Redacción El Chicago Hispano
El presidente y CEO de la Cámara de Comercio Hispana de Illinois, Jaime Di Paulo, compartió en su perfil de LinkedIn un conmovedor testimonio sobre lo que está ocurriendo en La Villita, un barrio mexicano en el suroeste de Chicago, en medio de las redadas migratorias de la Administración Trump.
Di Paulo relató que, como es su costumbre, fue al barrio a recoger su ropa de la tintorería, comprar alimentos, almorzar y apoyar a los negocios locales, porque es un lugar que le recuerda quién es y de dónde viene, resaltando así la conexión personal y cultural que mantiene con la comunidad.
Sin embargo, lo que encontró lo dejó profundamente afectado. “Hoy, me sentí triste y enojado”, dijo, dejando clara una mezcla de indignación y tristeza ante lo que presenció. Según Di Paulo, la magnitud de lo que ocurre en La Villita no puede captarse sólo con fotos o titulares.
“No se puede entender lo que está pasando en La Villita a través de fotos o noticias; hay que estar allí. Hay que ver el miedo en los rostros de las personas, sentir la tensión en el aire y observar a las familias que solo intentan vivir mientras el caos ocurre a su alrededor”, escribió.
El dirigente empresarial describió escenas preocupantes. “Vi gente siendo detenida, empujada, arrestada y rociada con gas lacrimógeno por simplemente estar afuera, en su propio vecindario”, detalló, señalando que entre los afectados se encontraban padres con hijos, jóvenes tratando de regresar a casa, y adultos mayores que merecen respeto y no miedo.
Di Paulo subrayó el valor y la contribución de La Villita a Chicago. “La Villita ha dado tanto a Chicago: negocios, cultura, trabajo duro, amor y comunidad”, recordó, al tiempo que lamentó que la situación actual no refleje los valores que Estados Unidos debería representar.
“Lo que presencié hoy, remarcó, no se parecía a la idea de Estados Unidos que creemos; honestamente, me rompió el corazón”.
El líder empresarial también advirtió que lo que ocurre en este barrio no es un caso aislado. “Y esto no solo está pasando en La Villita. Está ocurriendo en barrios de todo Chicago”, señaló, haciendo un llamado a que todas las comunidades merecen dignidad, seguridad y respeto.
“Nuestra gente no es criminal. Son familias, trabajadores, dueños de negocios, vecinos, seres humanos que merecen dignidad y seguridad”, enfatizó.
Finalmente, Di Paulo reafirmó su compromiso con su comunidad: “Siempre estaré con La Villita.
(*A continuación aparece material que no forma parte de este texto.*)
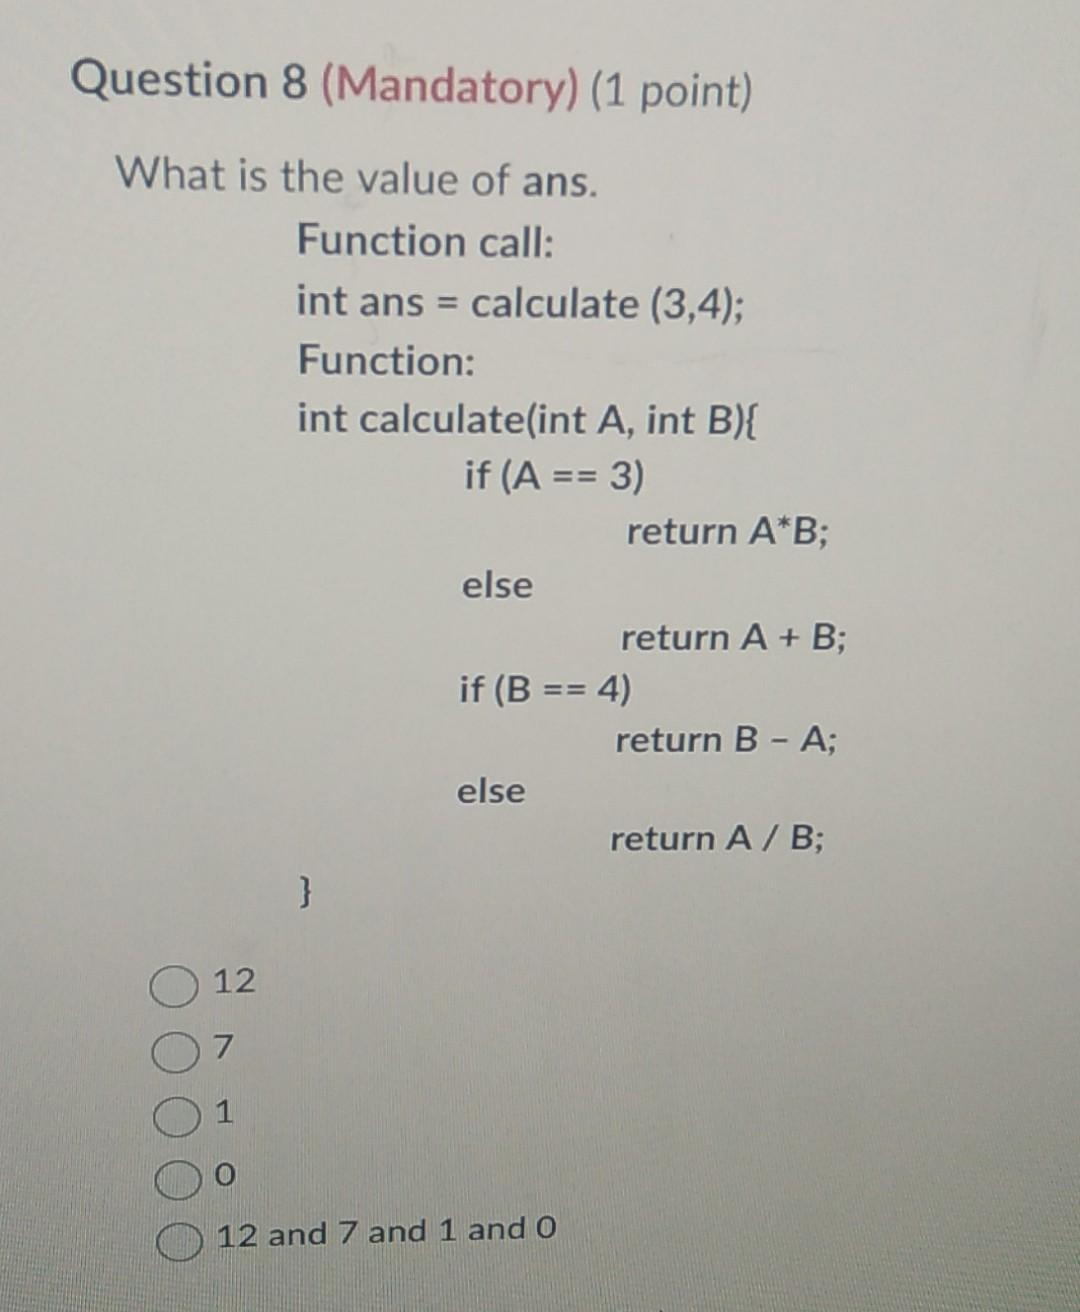 Question 8 (Mandatory) (1 point) What is the value of ans. Function call: int ans ( = ) calculate ( (3,4) ); Function: in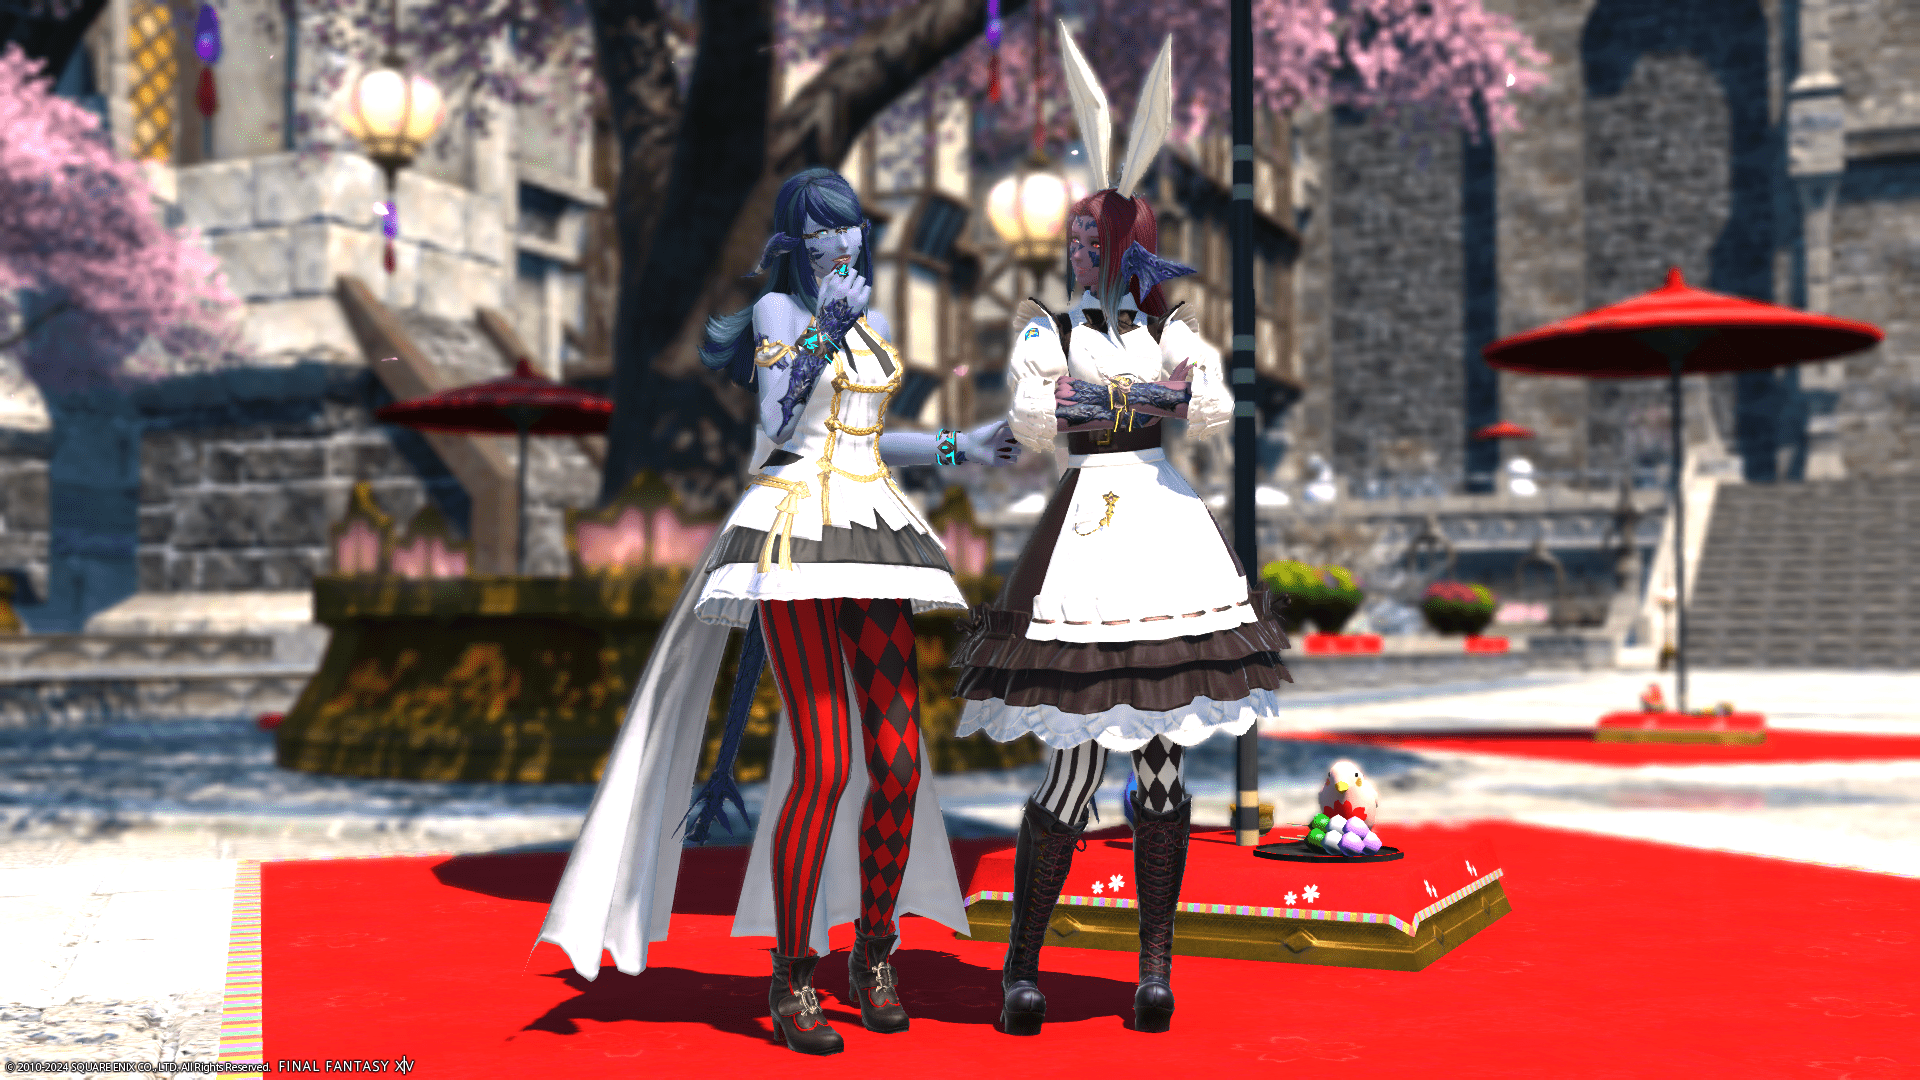 Laureine and Lizicus dressed up for the Little Ladies' Day & Hatching-Tide event. Standing in front of Little Ladies' Day decor.

Siempre estaré con mi gente. Y no permaneceré en silencio sobre lo que vi y presencié hoy. La Villita merece algo mejor. Chicago merece algo mejor. Estados Unidos merece algo mejor”, sentenció.
La Villita, o Little Village, es un barrio históricamente mexicano en el suroeste de Chicago, conocido por su vibrante cultura, comercio local y fuerte sentido de comunidad.
Alberga a miles de inmigrantes, muchos de ellos trabajadores y propietarios de pequeñas empresas que aportan significativamente a la economía local.
Los negocios latinos —tiendas, restaurantes, mercados y servicios— son el corazón del barrio, pues generan empleo y preservan tradiciones culturales.
La comunidad ha enfrentado históricamente desafíos relacionados con la inmigración, y las recientes redadas han generado temor y tensión, afectando tanto a familias como a pequeños empresarios que luchan por mantener sus negocios y su vida cotidiana en un entorno de incertidumbre y miedo.